New Delhi: On October 1, 2025, the India–European Free Trade Association (EFTA) Trade and Economic Partnership Agreement (TEPA) officially entered into force, marking a historic milestone in India’s economic relations with Iceland, Liechtenstein, Norway, and Switzerland. Signed on March 10, 2024, in New Delhi, TEPA is India’s first Free Trade Agreement (FTA) to incorporate binding commitments for $100 billion in foreign direct investment (FDI) and the creation of 1 million direct jobs over the next 15 years. With a combined GDP of approximately $5.4 trillion, India and the EFTA bloc—comprising some of Europe’s most advanced economies—are poised to redefine global supply chains, foster sustainable development, and enhance bilateral trade. Hailed as a “model agreement,” TEPA aligns with India’s Make in India and Atmanirbhar Bharat initiatives, promising transformative growth across diverse sectors.

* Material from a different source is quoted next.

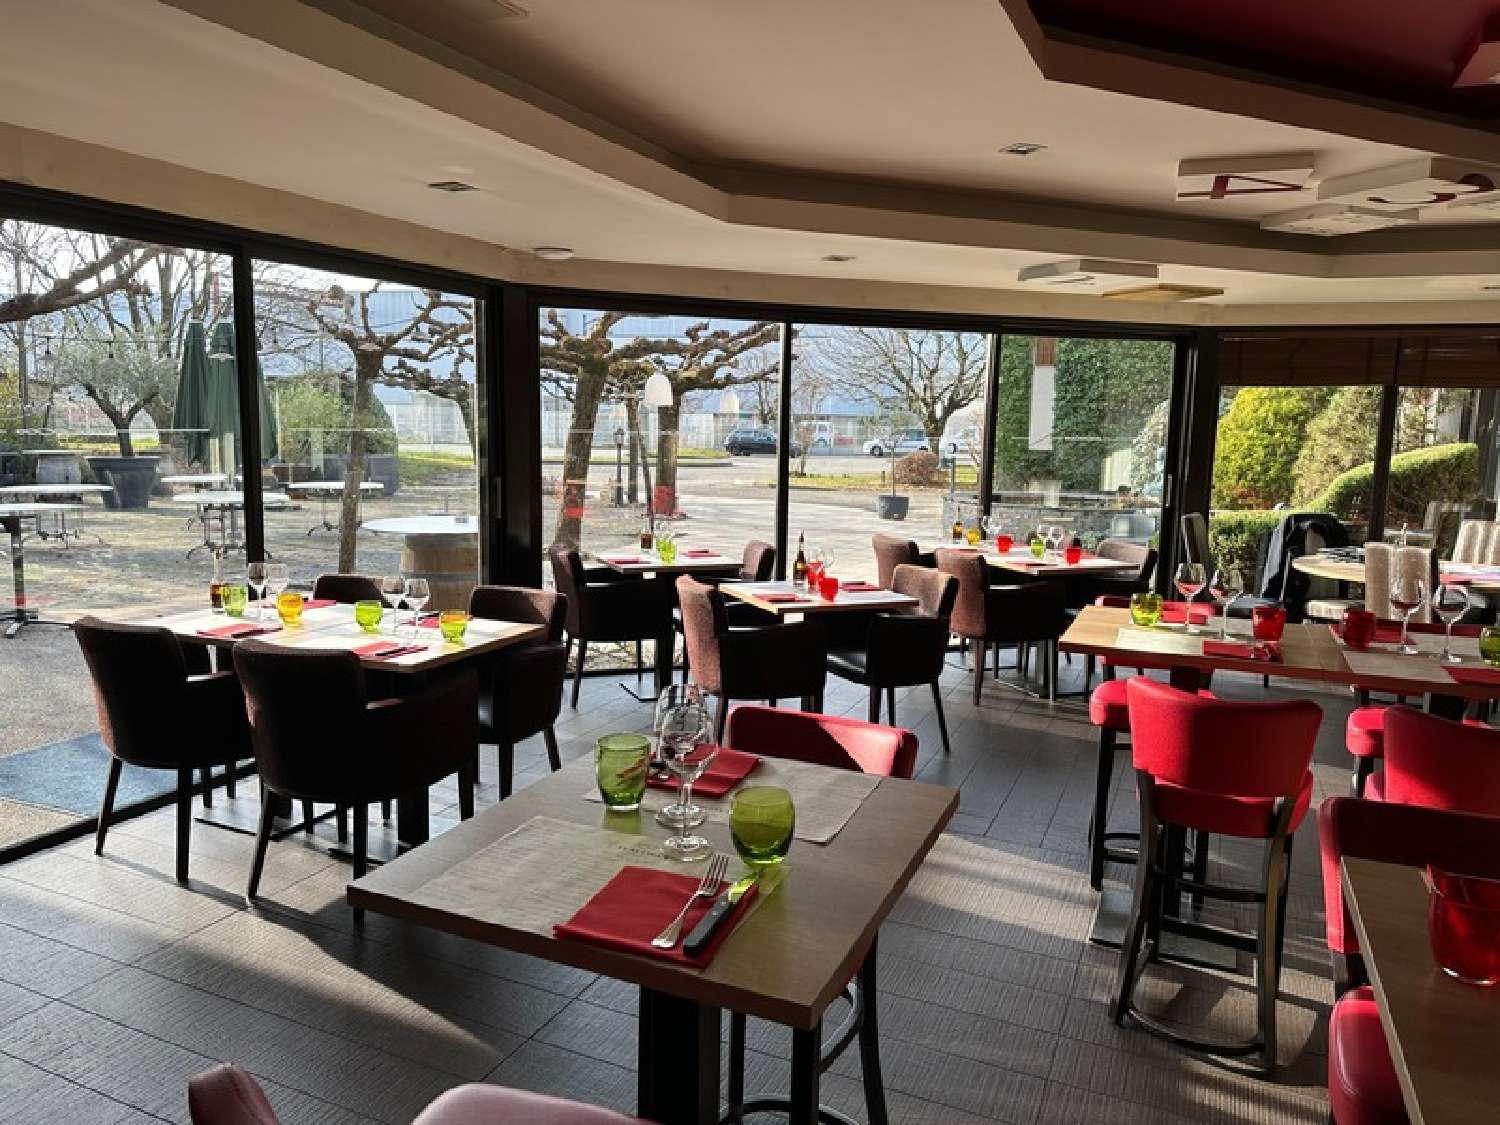 Chambéry Savoie restaurant foto 6832832

Caption: India-EFTA TEPA Takes Effect: Unlocking $100 Billion in Investments and 1 Million Jobs for a Prosperous Future
A New Era of Economic Partnership
The TEPA, celebrated at the Prosperity Summit in New Delhi hosted by Commerce and Industry Minister Piyush Goyal, brings together senior EFTA representatives, including Swiss State Secretary Helene Budliger Artieda and ambassadors from Iceland, Liechtenstein, and Norway. Business leaders from both sides convened to explore opportunities in precision manufacturing, clean technology, and services mobility. The agreement’s 14 comprehensive chapters address market access for goods, rules of origin, trade facilitation, trade remedies, sanitary and phytosanitary measures, technical barriers to trade, investment promotion, services, intellectual property rights (IPR), trade and sustainable development, and legal provisions. This holistic framework streamlines customs procedures, reduces regulatory barriers, and fosters closer value-chain integration.

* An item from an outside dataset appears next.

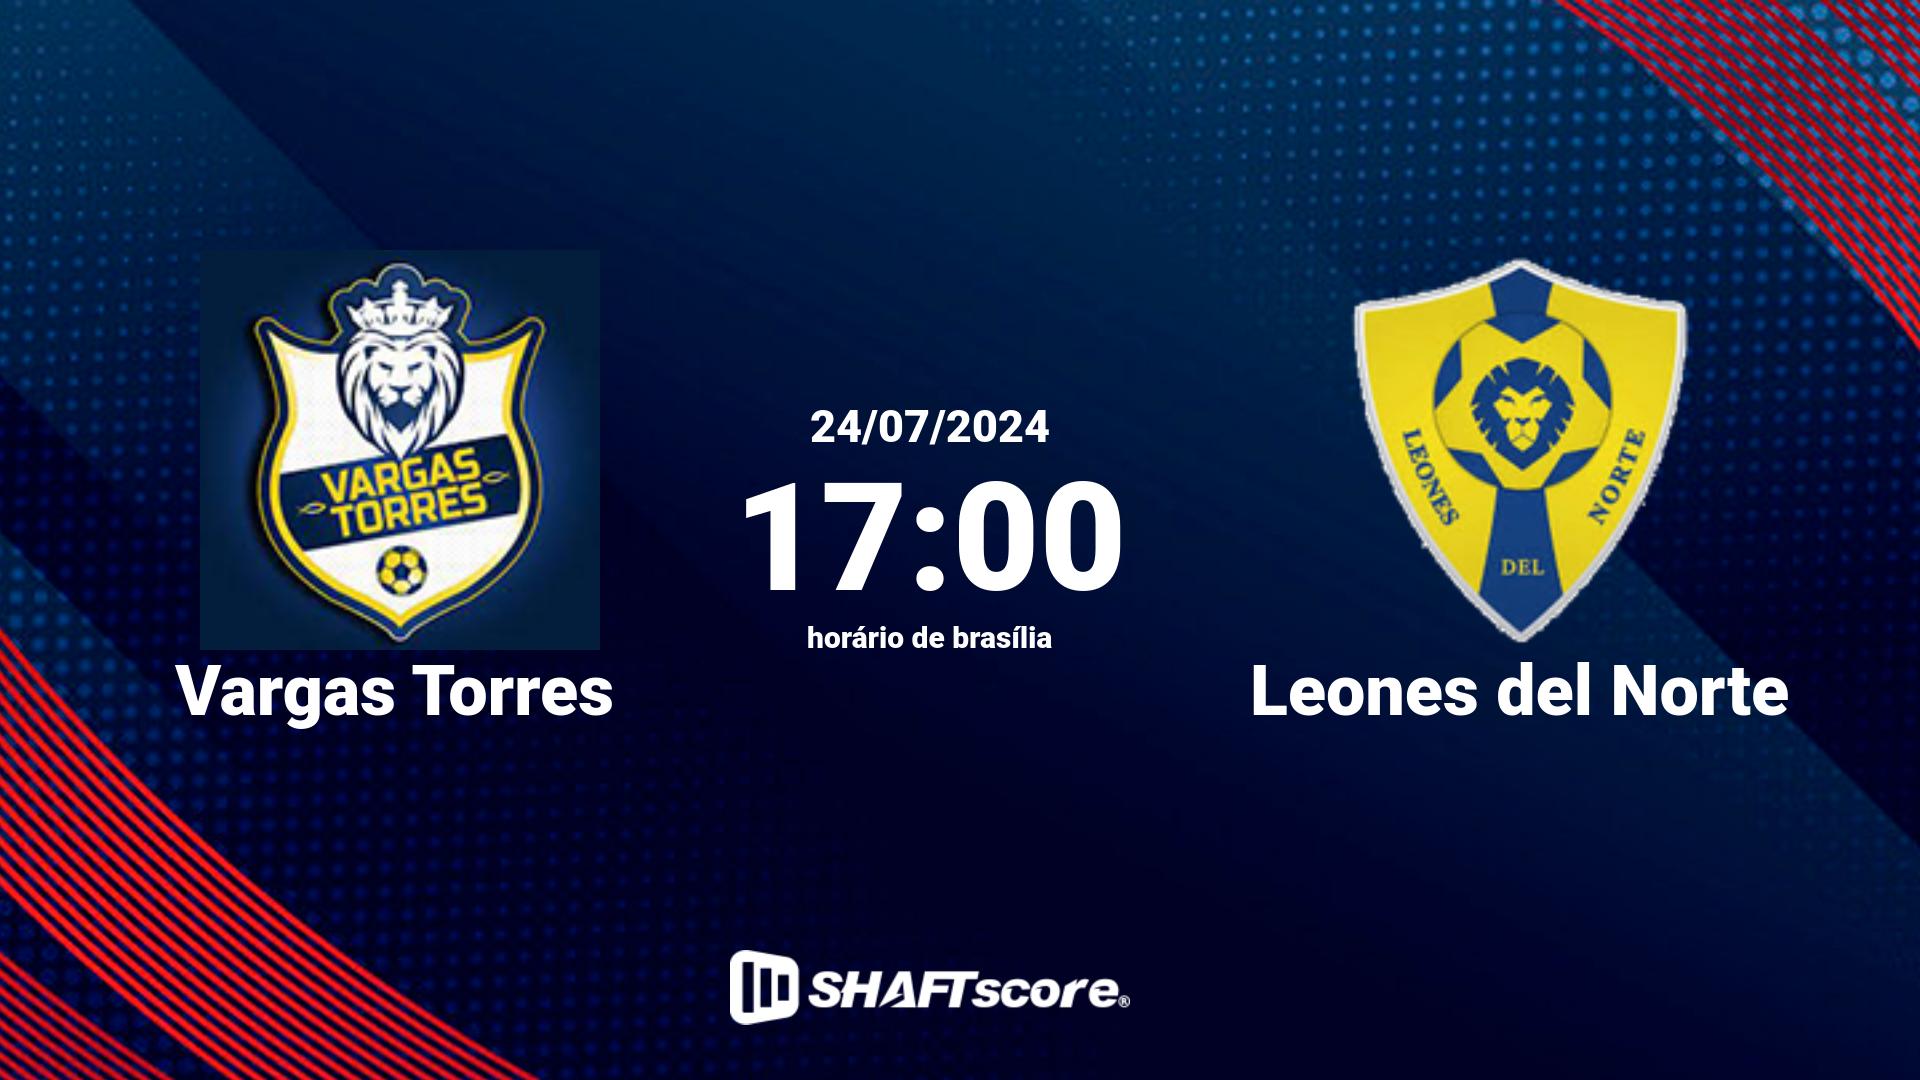 Estatísticas do jogo Vargas Torres vs Leones del Norte 24.07 17:00

EFTA, alongside the EU and UK, is a critical economic bloc in Europe. Switzerland stands as India’s largest EFTA trading partner, followed by Norway, with Iceland and Liechtenstein offering additional avenues for trade. In 2024, India’s agricultural exports to EFTA reached $72.37 million, representing 0.41% of EFTA’s total imports, while engineering exports hit $315.2 million, reflecting an 18% year-on-year growth. Textiles and apparel exports stood at $0.13 billion, a fraction of India’s $36.71 billion global textiles trade, signaling significant untapped potential under TEPA.
Unprecedented Investment and Employment Commitments
Under Article 7.1 of TEPA, EFTA states commit to increasing FDI into India by $50 billion within the first 10 years, followed by an additional $50 billion in the subsequent 5 years, totaling $100 billion (approximately Rs 8 lakh crore). This excludes foreign portfolio investments, focusing solely on long-term capital to build productive capacity. Concurrently, the agreement aims to generate 1 million direct jobs, supporting India’s young workforce through enhanced vocational and technical training. These commitments bolster Make in India by driving investments in renewable energy, life sciences, engineering, and digital transformation, while fostering technology collaboration in precision engineering, health sciences, and research and development.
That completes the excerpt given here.